_WHAT YOU HAVE TO DO_. Pictures stay out of the copy; output exactly the lines from the one containing "Qilloway Chair Cushion- Seat" through the end of the material.
Top of RAW DATA
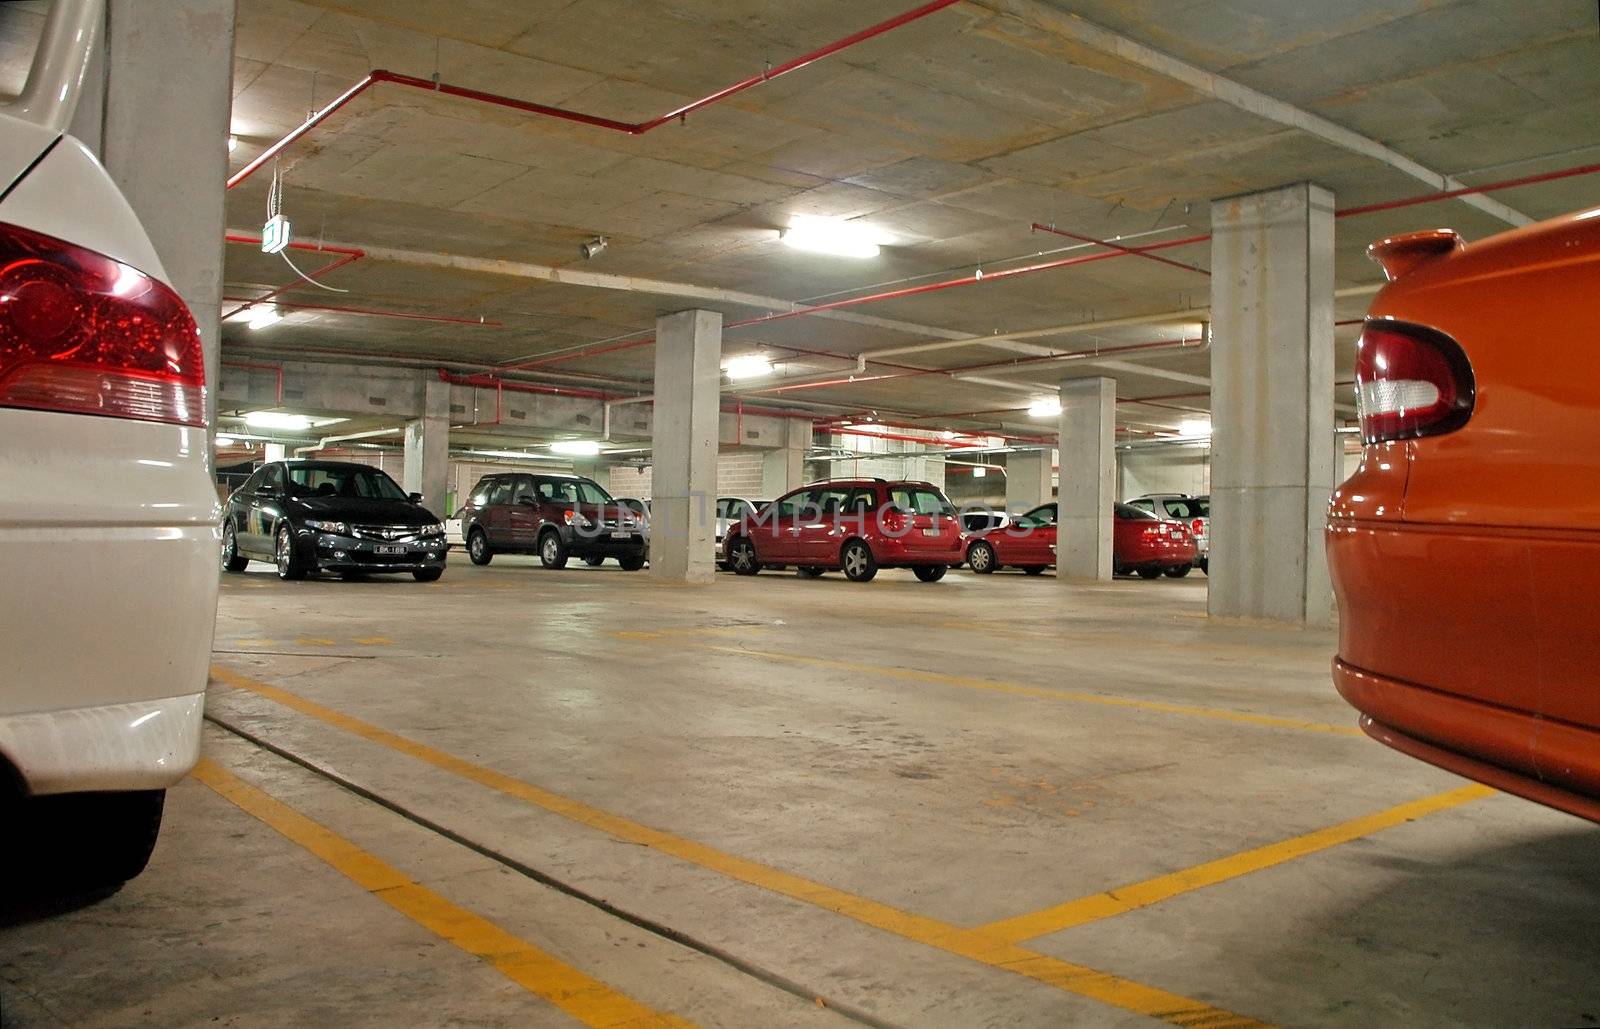 car park floor view, several cars, grey pillars
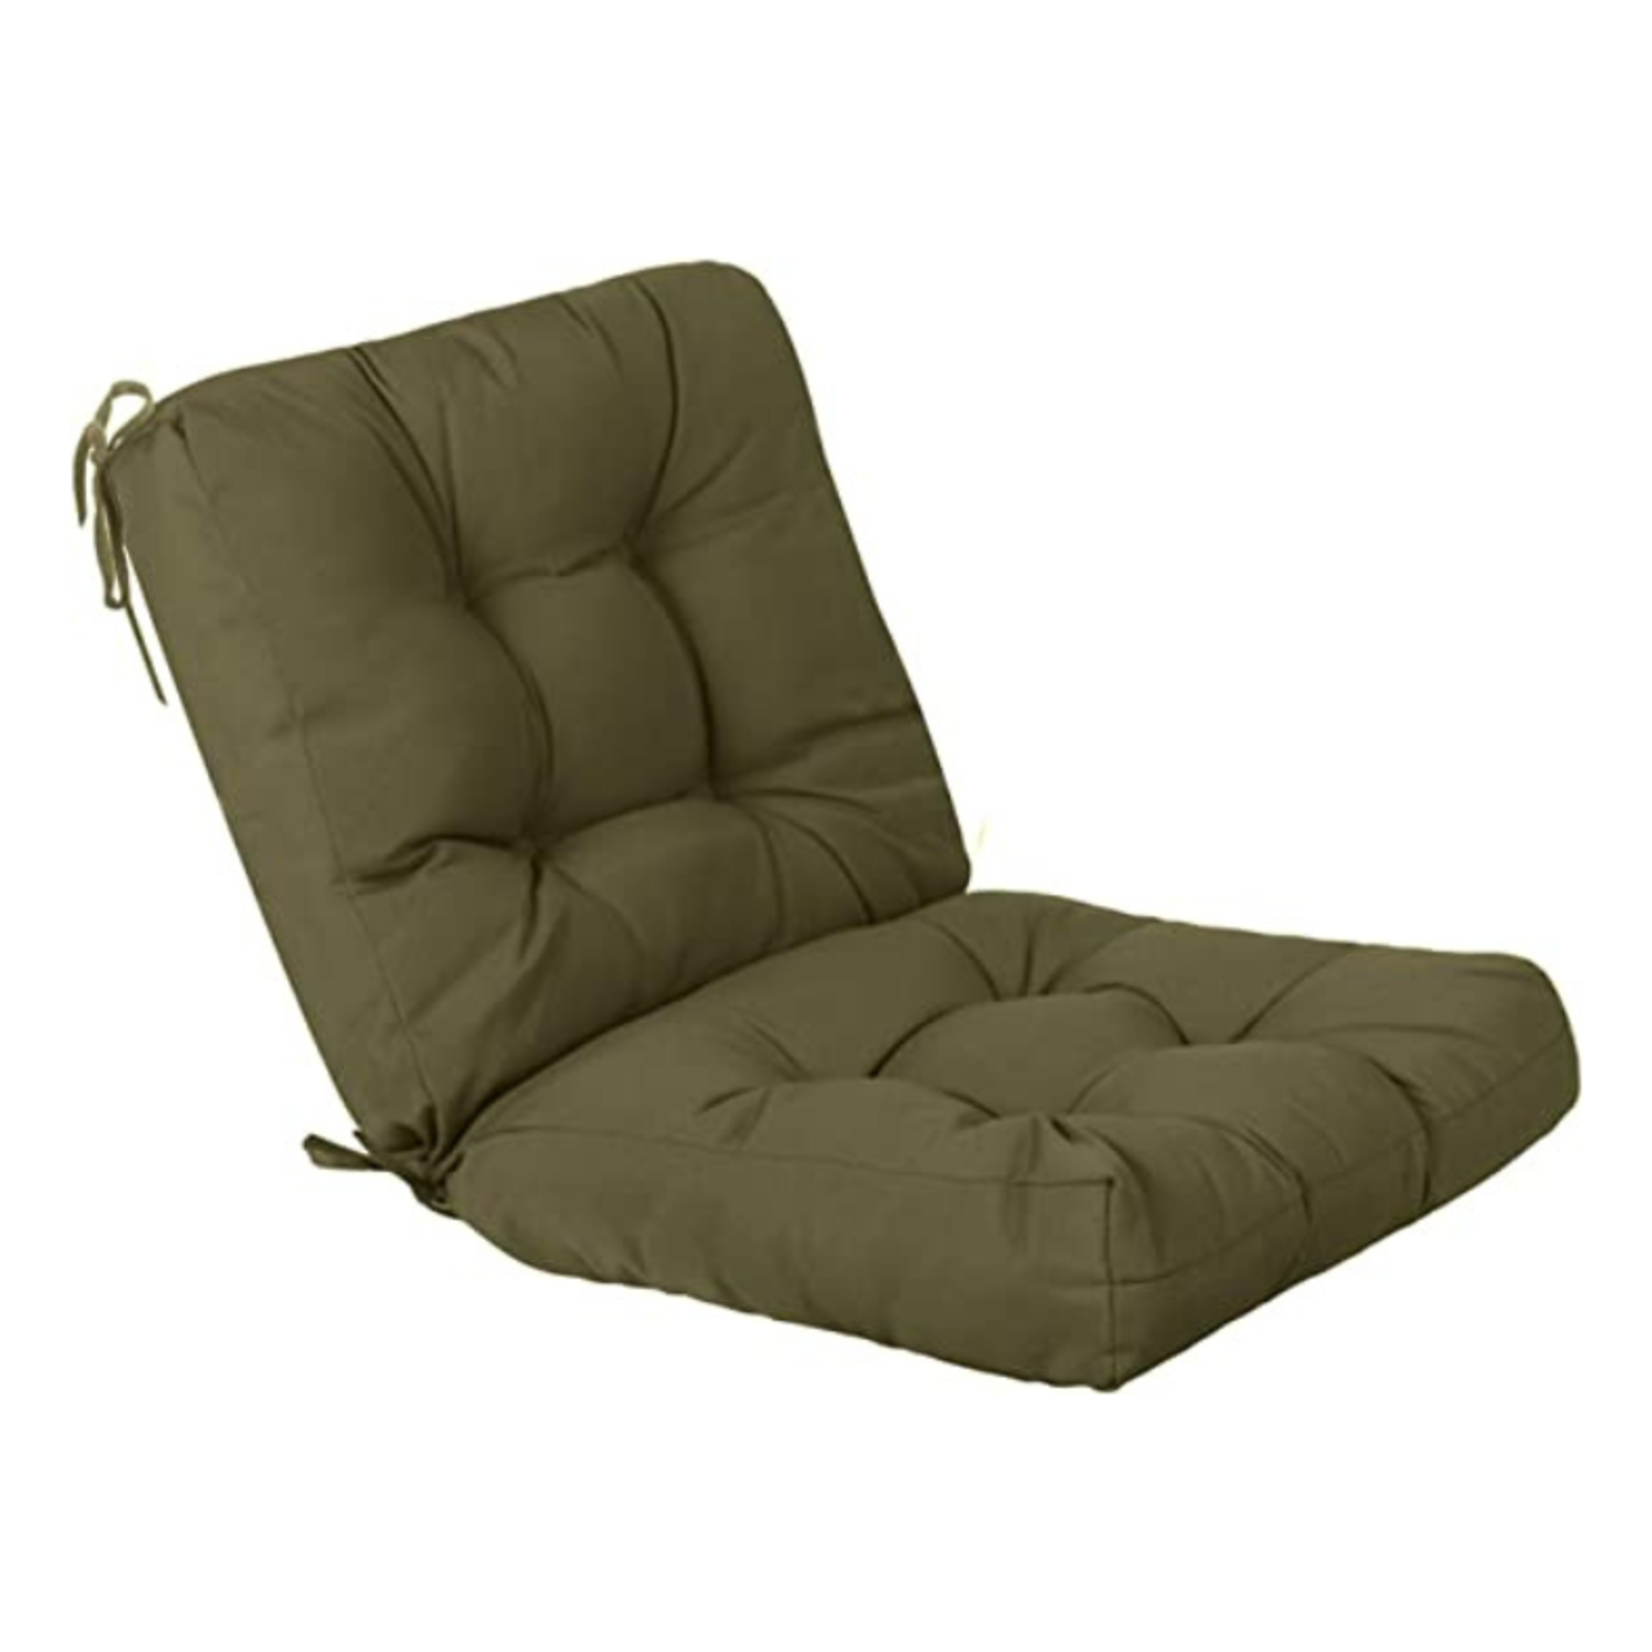 Qilloway Chair Cushion- Seat & Back- Sage Green
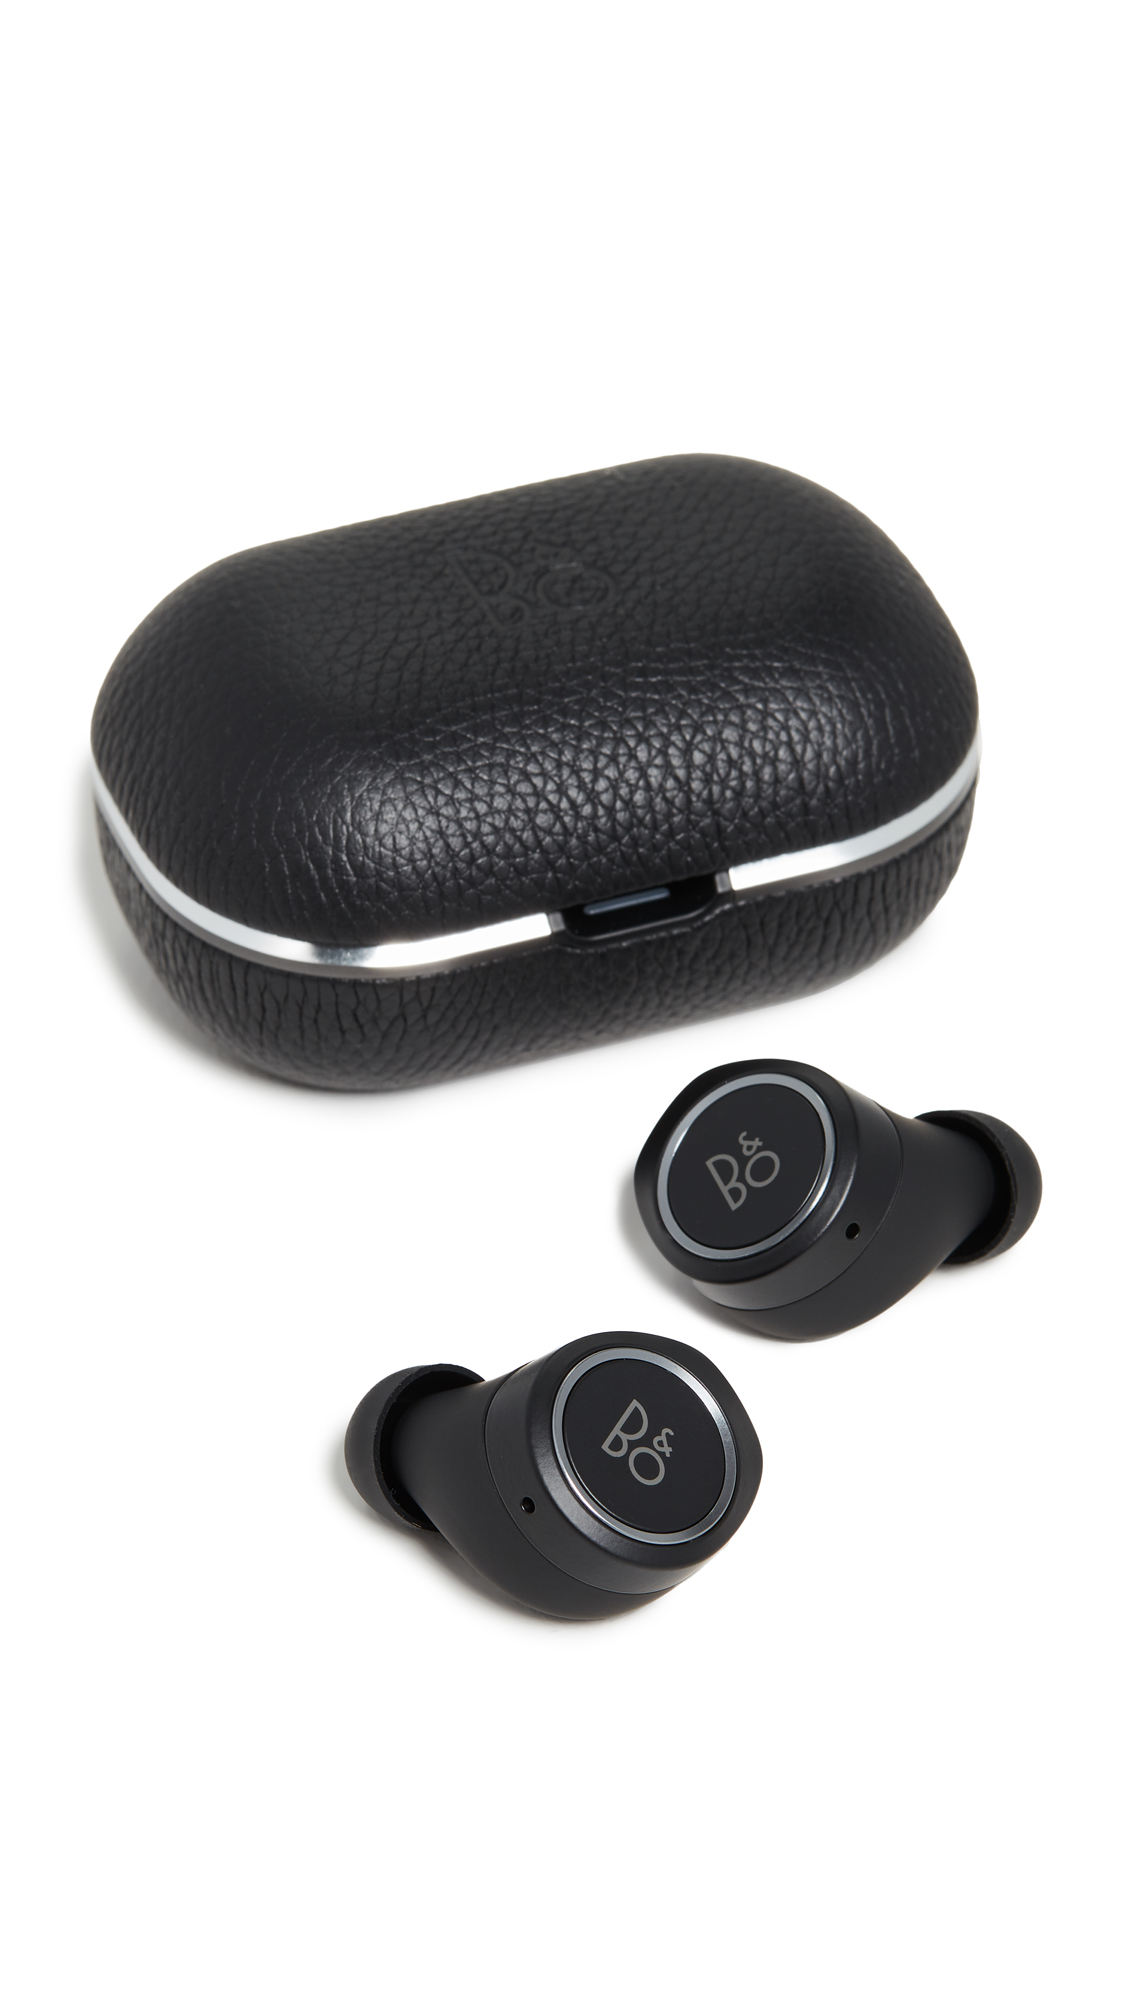 Bang & Olufsen Beoplay E8 2.0 True Wireless Earphones Qi Charging, Black, One Size - 1646100
Bottom of RAW DATA
_SOLUTION FOR THIS EXERCISE_.
 Qilloway Chair Cushion- Seat & Back- Sage Green
 Bang & Olufsen Beoplay E8 2.0 True Wireless Earphones Qi Charging, Black, One Size - 1646100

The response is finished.